On 01/02/2021 17.39, M.-A. Lemburg wrote:
>> Can you explain where wchar_t* type is appropriate and how two
>> conversions is a performance bottleneck?
> 
> If an extension has a wchar_t* string, it should be easy
> to convert this in to a Python bytes object for use in Python.
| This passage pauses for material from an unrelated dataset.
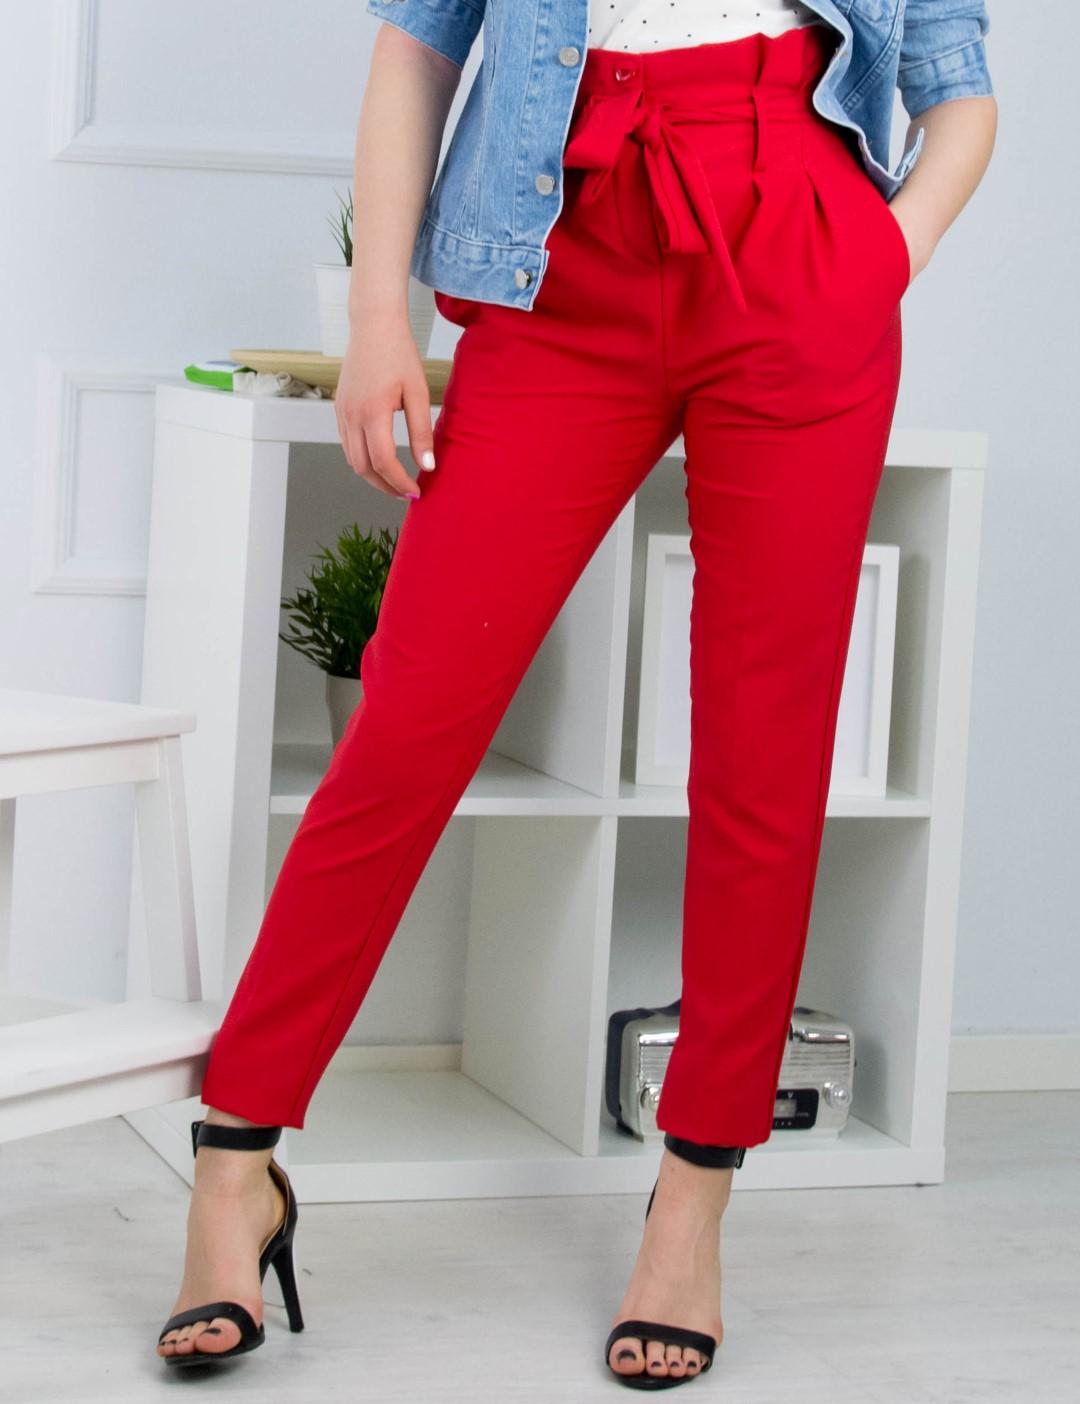 2a5ea155bd2 Γυναικεία ώχρα ψηλόμεσο υφασμάτινο παντελόνι 151211Z | Fashion Voucher

How much software actually uses wchar_t these days and interfaces with
Python? Do you have examples for software that uses wchar_t and would
benefit from wchar_t support in Python?

I did a quick search for wcslen in all shared libraries and binaries on
my system. It's a good indicator how many programs actually use wchar_t.
126 out of more than 9,000 shared libraries and binaries contain the
string "wcslen". The only hit for PyUnicode_AsWideCharString was
libpypy3-c.so...

(Fedora has unified /usr and /lib64, e.g. /bin -> /usr/bin)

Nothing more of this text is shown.